Before using the stationary tower, we may first collapse $\aleph_{\omega_1}$ to $\aleph_{\omega+1}$ by forcing with $\mathrm{Col}(\aleph_{\omega+1},\aleph_{\omega_1})$. This preserves all cardinals $\leq\aleph_{\omega+1}$ and also preserves $\delta$ as a Woodin cardinal as the forcing is small. Now we can follow this up by forcing with the stationary tower at $\delta$ as described above.

(In fact, the first collapse forcing is not necessary as we can arrange with the stationary tower that $\mathrm{crit}(j)=(\aleph_{\omega+1})^V$ and $j((\aleph_{\omega+1})^V)>(\aleph_{\omega_1})^V$.)

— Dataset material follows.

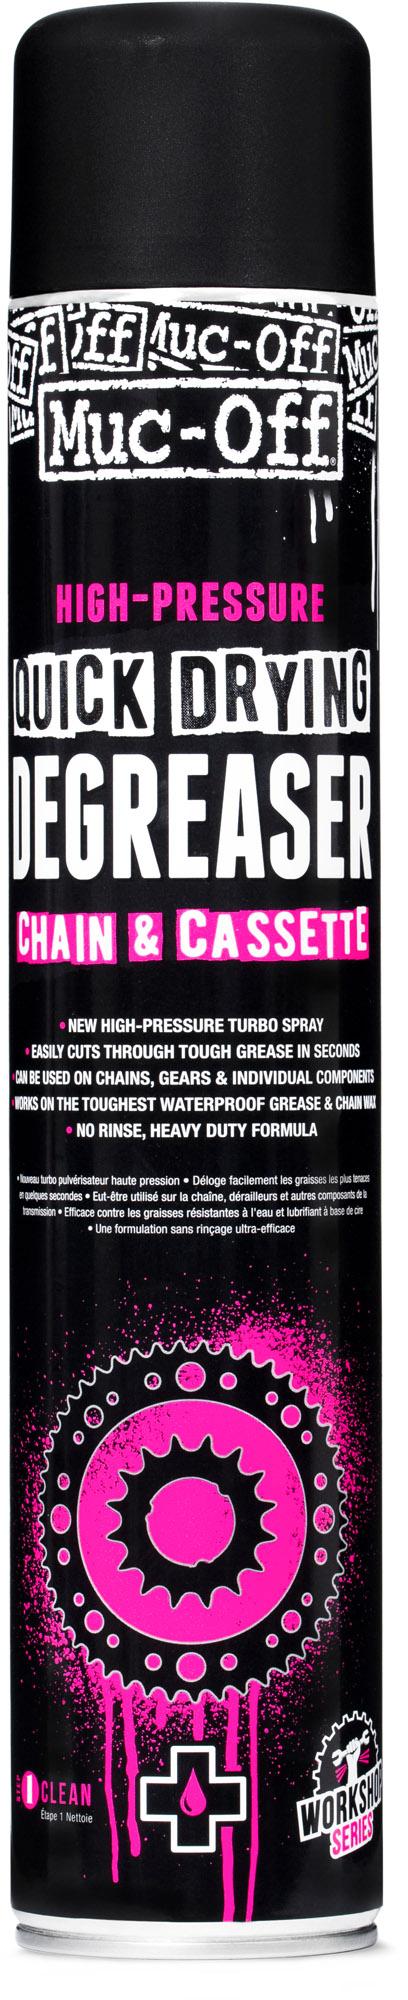 Muc-off High-pressure Quick Dry Degreaser - 750ml Aerosol - Neutral

All of the facts about the stationary tower are due to Woodin and can be found in Paul Larson's very nice book "The stationary tower".

On the flip side, a Woodin cardinal is in some sense neccessary for this. If there is such a forcing you are asking about then there is an inner model of ZFC with a Woodin cardinal. This is a consequence of the "Covering lemma below a Woodin cardinal". Don't be fooled by the term "lemma", this is actually a very deep theorem. It roughly states the following:

If there is no inner model with a Woodin cardinal, then "the core model" $K$ exists and it has the following properties:

• $K$ computes successors of singular cardinals correctly, that is if $\kappa$ is a singular cardinal in $V$ then $(\kappa^+)^V=(\kappa^+)^K$ (but $\kappa$ is not neccessarily singular in $K$).
• $K$ is immune to forcing, that is if $V[G]$ is a forcing extension of $V$ then $K^V=K^{V[G]}$.

In this form, this result follows from the papers

Mitchell, W. J.; Schimmerling, E., Weak covering without countable closure, Math. Res. Lett. 2, No. 5, 595-609 (1995). ZBL0847.03024.

and

Jensen, Ronald; Steel, John, (K) without the measurable, J. Symb. Log. 78, No. 3, 708-734 (2013). ZBL1348.03049.

Now suppose toward a contradiction that $\mathbb P$ is a forcing which collapses $\aleph_{\omega_1}$, or even just $\aleph_{\omega+1}$, and preserves all cardinals below $\aleph_\omega$, but there is no inner model with a Woodin cardinal. Let $V[G]$ be an extension of $V$ by $\mathbb P$. Then there is no inner model of $V[G]$ with a Woodin cardinal (this is not obvious!). Now applying the covering lemma above in $V$ and in $V[G]$, we find that $(\kappa^+)^V=(\kappa^+)^{K^V}$ and $(\kappa^+)^{V[G]}=(\kappa^+)^{K^{V[G]}}$ by the first bulletpoint where $\kappa=(\aleph_\omega)^V$. But by the second bulletpoint, $K^V=K^{V[G]}$, contradiction.

It follows for example that there is no such forcing in the constructible universe $L$: The only inner model of $L$ is $L$ itself and there are no measurable cardinals in $L$, much less Woodin cardinals. For $L$ this can also be seen from Jensen's covering lemma instead of using the covering lemma below a Woodin cardinal.